A third enhancement was made because scaling a page image down from 300 dpi for display makes small characters unreadable. This is especially true for subscripts and superscripts, or for captions and labels in figures or graphs. Using the rescaling feature causes significant interruption of reading if the user simply wants to determine whether a portion of an equation is x2 or x3. The user must stop reading, select the Enlarge Text menu item, wait for the entire screen to be redrawn using the new scaling factor, and possibly scroll the window to find the text in question. To continue reading, the user must select the Reduce Text menu item to return the image to the original, more navigable scaling factor, and again wait for the screen to be redrawn. If another equation occurs later, the same cumbersome process must be repeated.

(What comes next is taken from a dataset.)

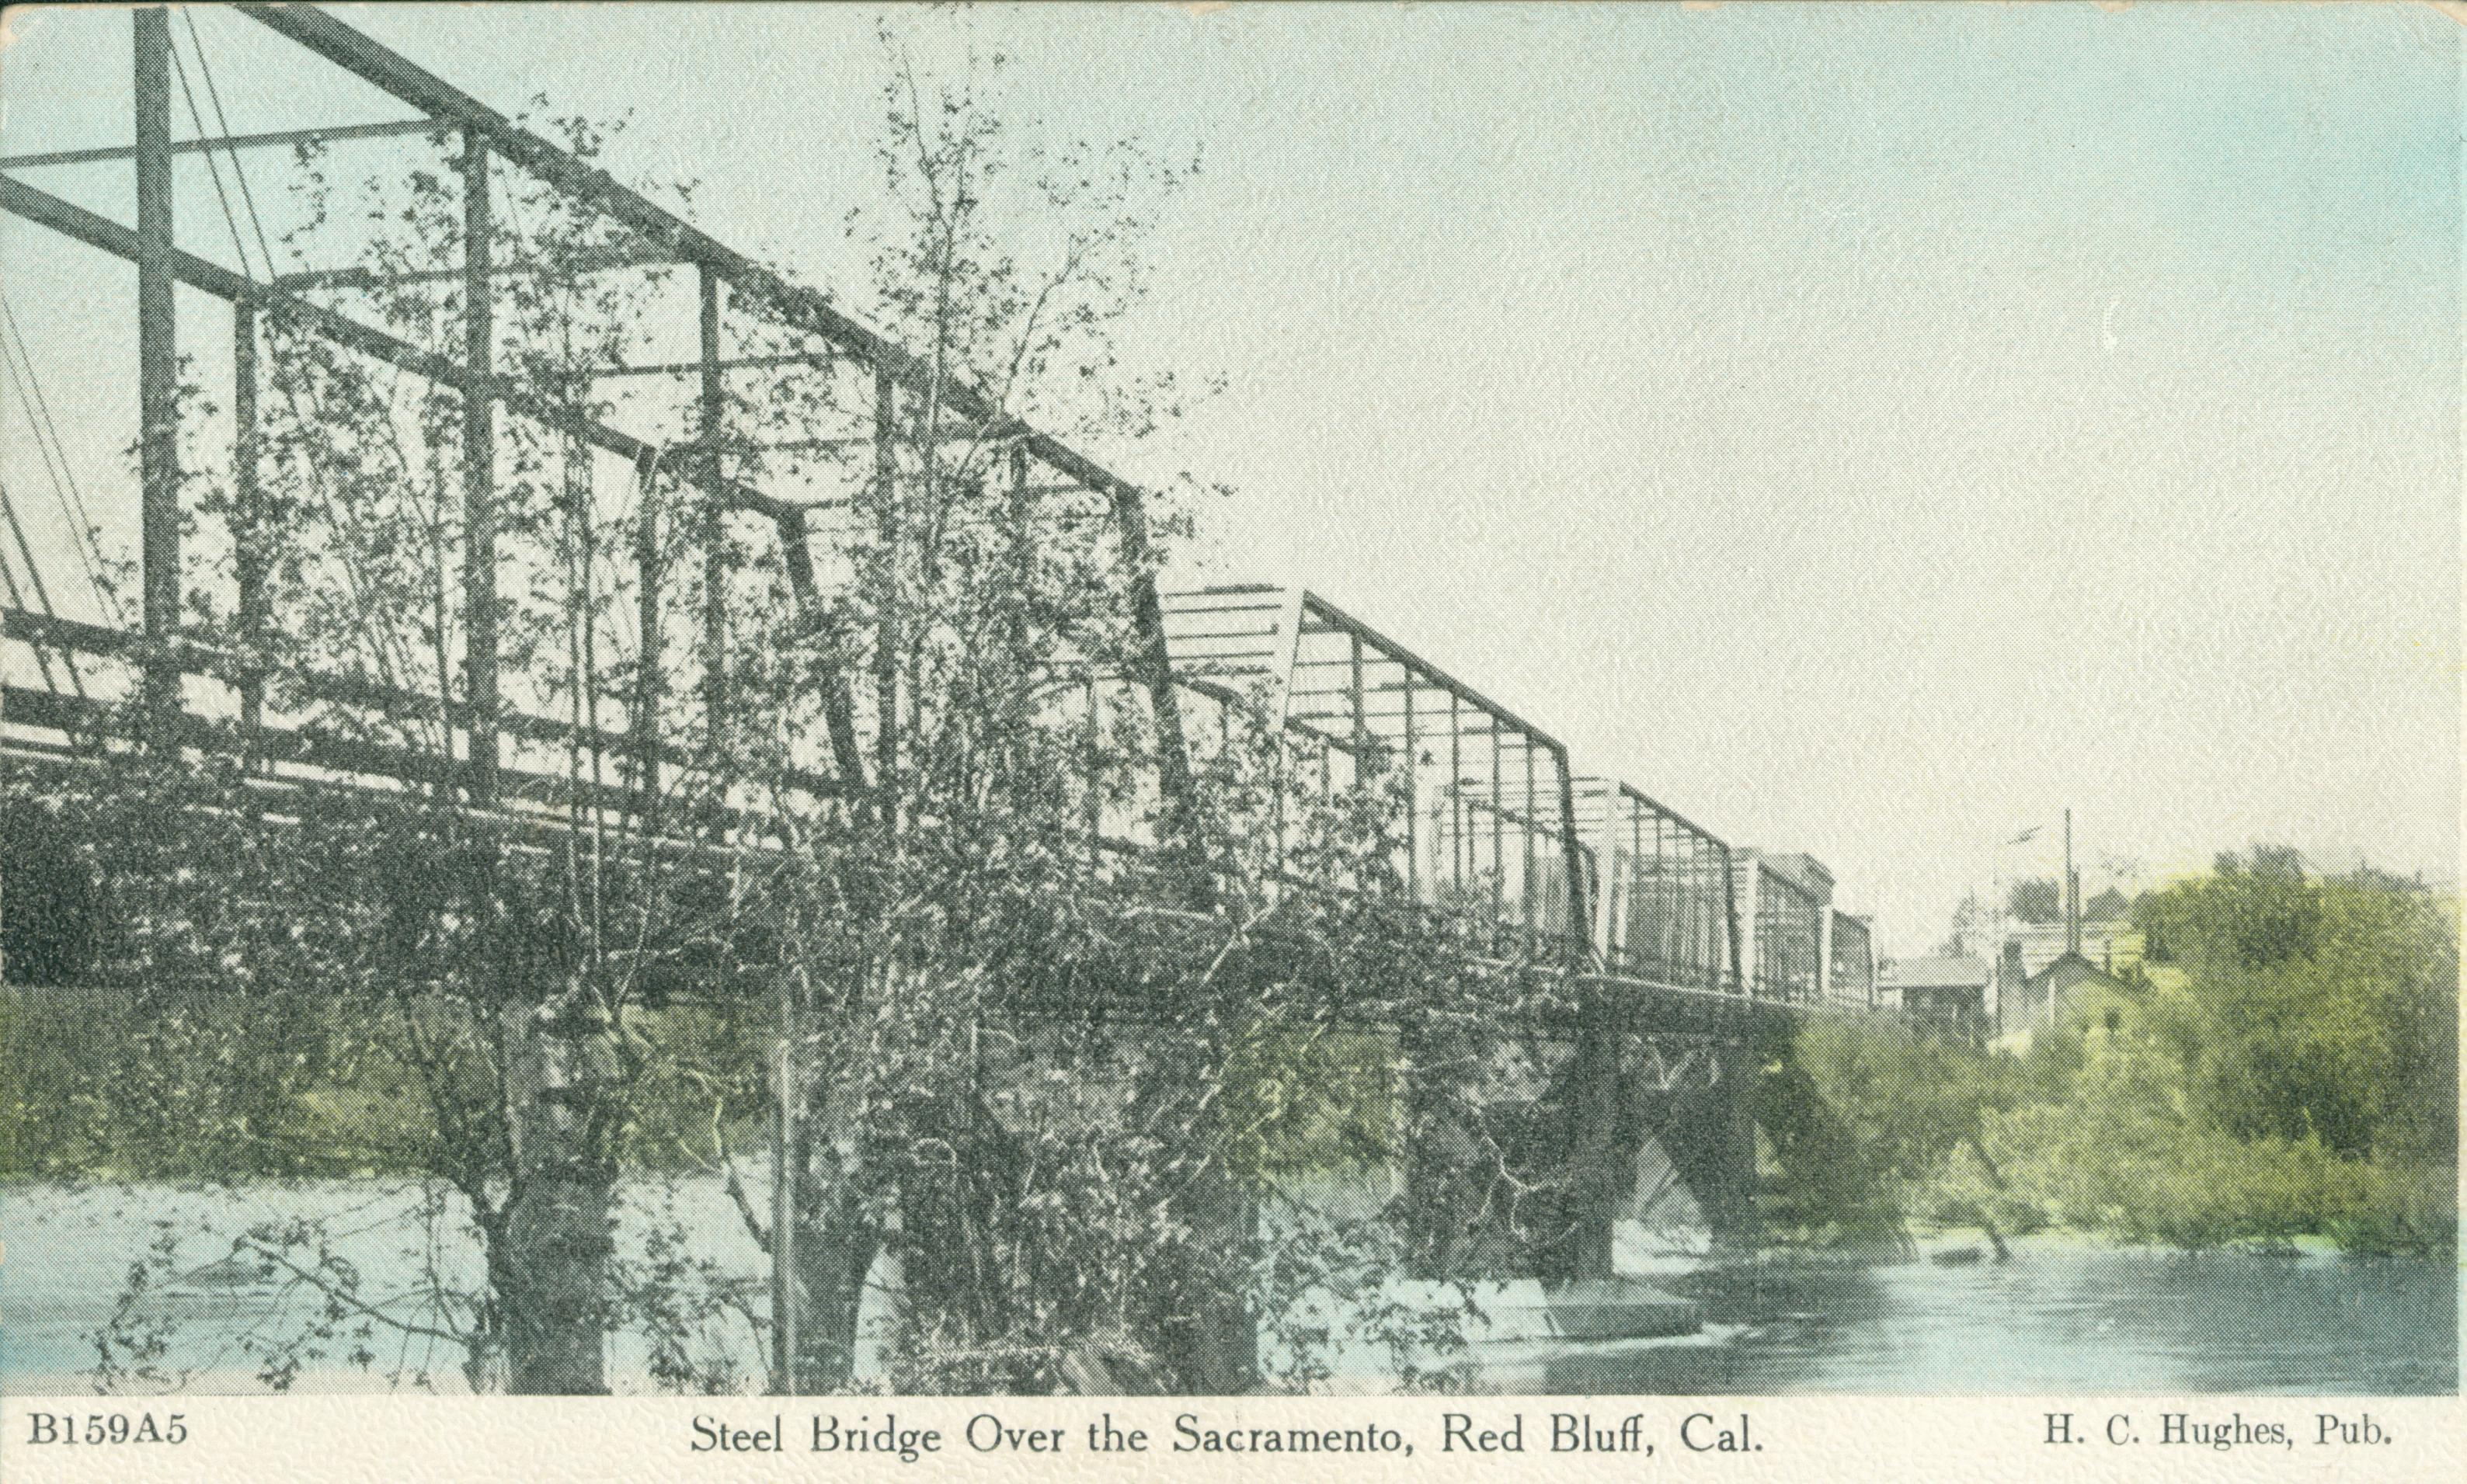 Shows a steel bridge spanning a river with one shoreline in the background

To circumvent the excessive effort required to read a few tiny letters at a scaling factor appropriate for the rest of the document, we provided an electronic magnifying glass that lets a user closely examine a small section of the document. To use it, the user clicks on the right mouse button over a section of text and a window pops up displaying an enlarged version of that text. (This enlarged version is actually a segment from the original 300 dpi image.) The user then releases the mouse button and continues reading.
Undoubtedly the biggest problem encountered has been integrating Virginia Techs optical jukebox into their computer system. Virginia Tech is now relying on magnetic disks for storage until the optical system works reliably. Software problems encountered by OCLC have been the common ones expected when working with a large amount of data in a new format. For example, unexpected combinations of fields and system limits were encountered because the Newton database building software was originally designed for smaller documents.
The Guidon conversion went fairly smoothly. We encountered a problem merging databases, but easily made the required changes in the server software and in Guidon.
Currently (December 1994) all the software is in place, sufficient magnetic storage for a year's data has been installed, and building of databases from the Elsevier datasets is underway. Students at Virginia Tech should begin using the system in the spring semester 1995.
American National Standards Organization. Information retrieval service and protocol: American national standard information retrieval application service definition and protocol specification for open systems interconnection. ANSI standard Z39.50, Version 2, 1992.
Information on TULIP The University Licensing Program. Elsevier Science. URL: http://www.elsevier.nl/.
International Organization for Standardization (ISO). Information technology, open systems interconnection, specification of basic Encoding rules for abstract syntax notation one (ASN.1). ISO/IEC standard 8825, Second edition, 1990.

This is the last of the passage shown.